(SUPPLIED INFORMATION Opens)
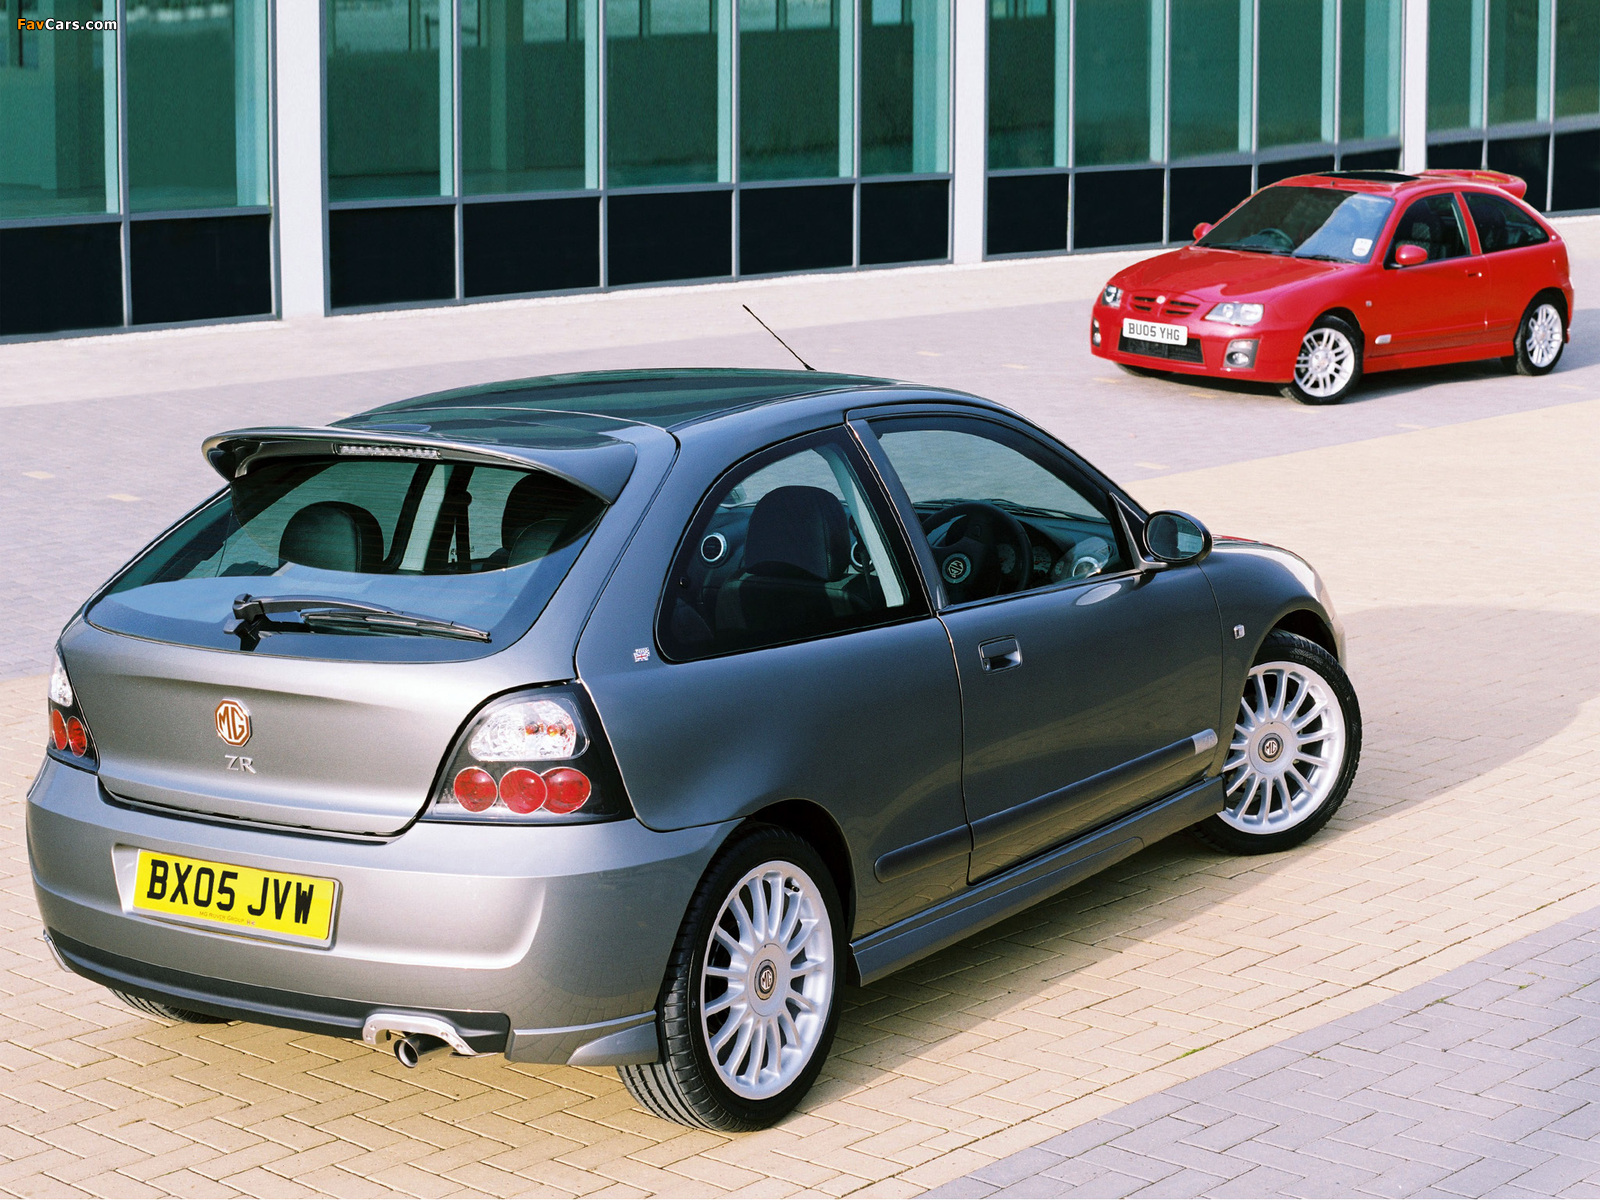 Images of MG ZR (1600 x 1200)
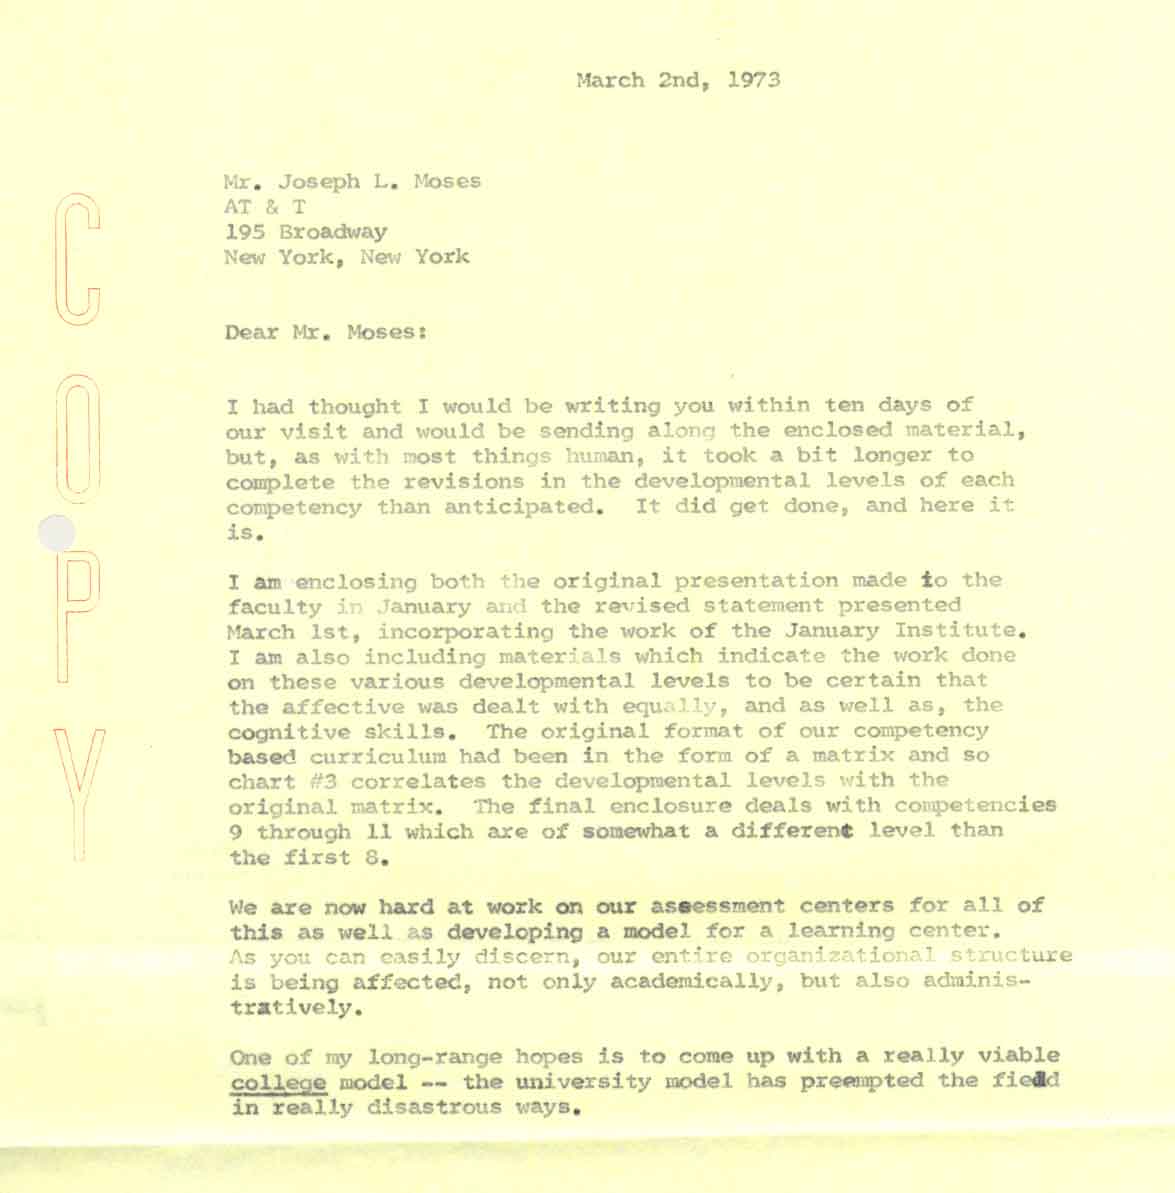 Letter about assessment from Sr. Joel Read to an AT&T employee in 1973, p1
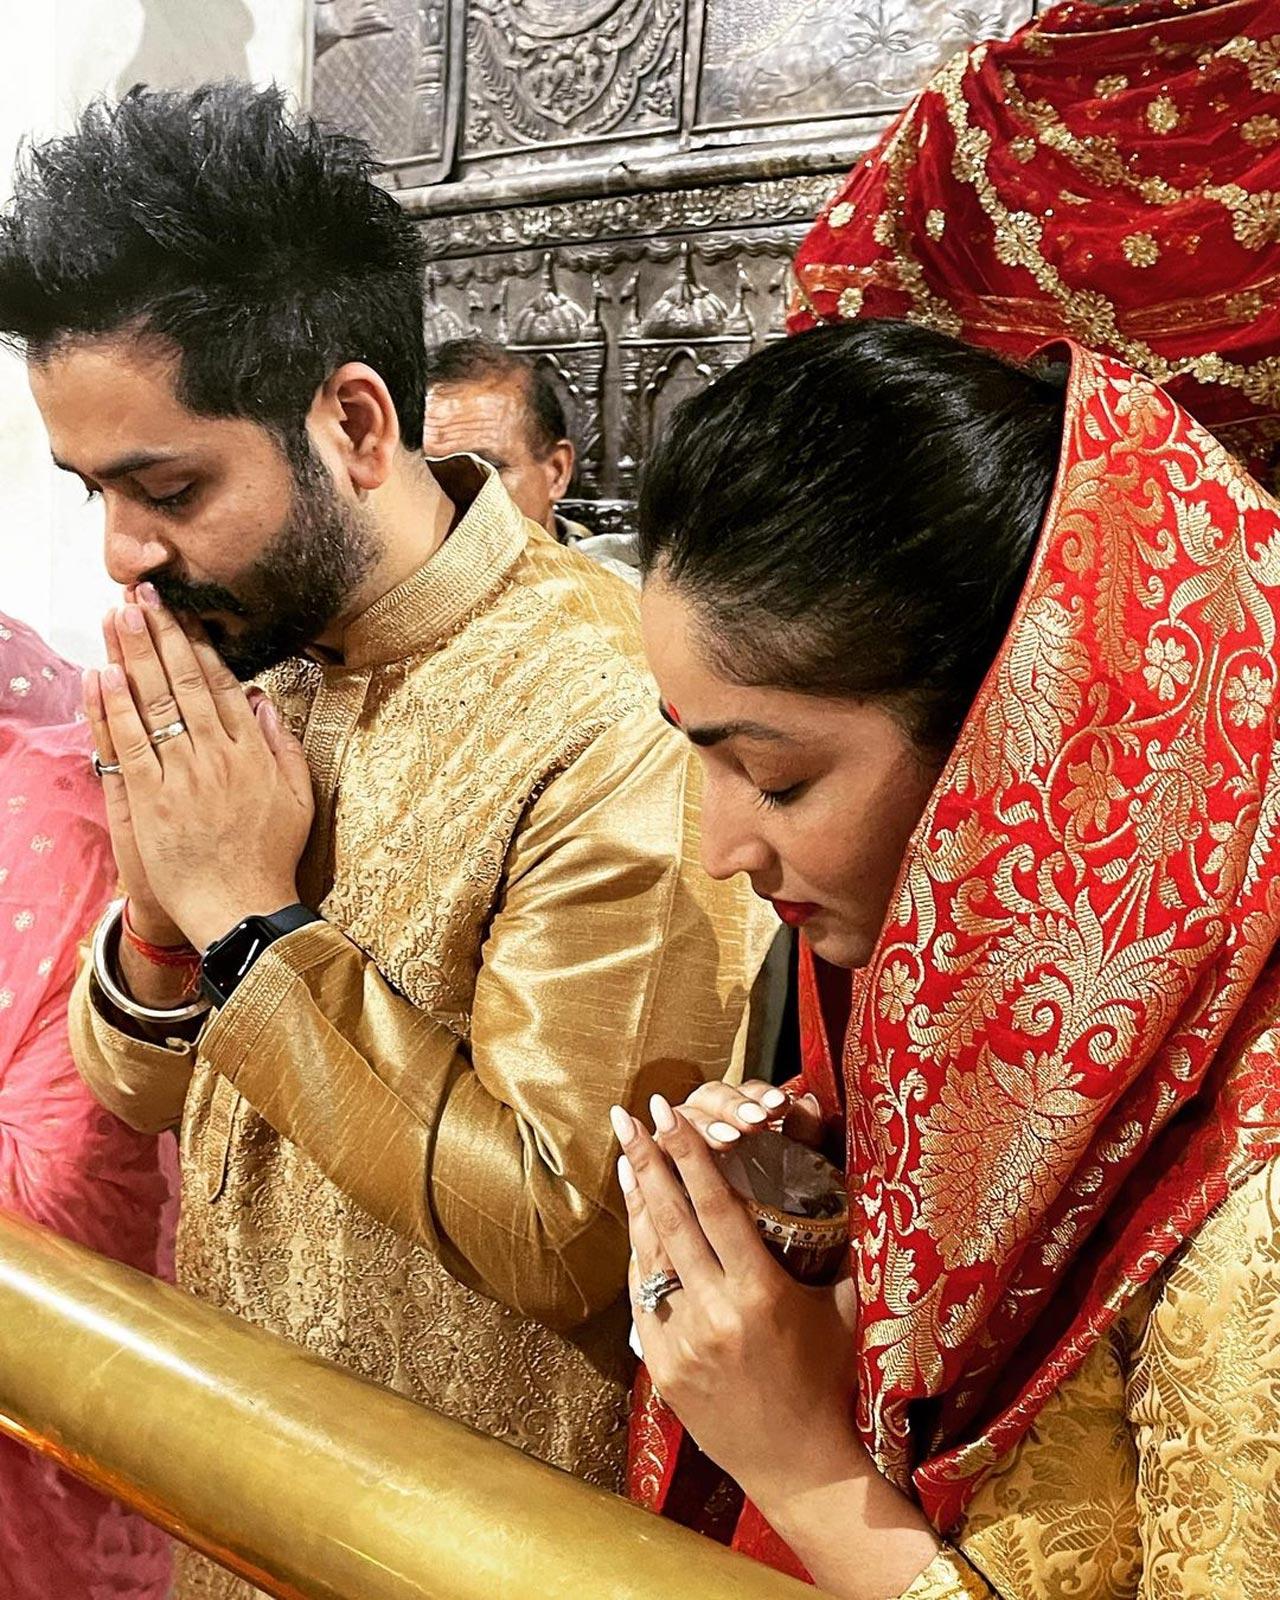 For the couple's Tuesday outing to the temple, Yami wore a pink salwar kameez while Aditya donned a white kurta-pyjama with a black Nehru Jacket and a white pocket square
(SUPPLIED INFORMATION Closes)
◆ WORK REQUIRED: No pictures belong in the output. It should reproduce exactly the lines from the one containing "Letter about assessment" through the end of the data, both ends included.

◆ ANSWER:
 Letter about assessment from Sr. Joel Read to an AT&T employee in 1973, p1
 For the couple's Tuesday outing to the temple, Yami wore a pink salwar kameez while Aditya donned a white kurta-pyjama with a black Nehru Jacket and a white pocket square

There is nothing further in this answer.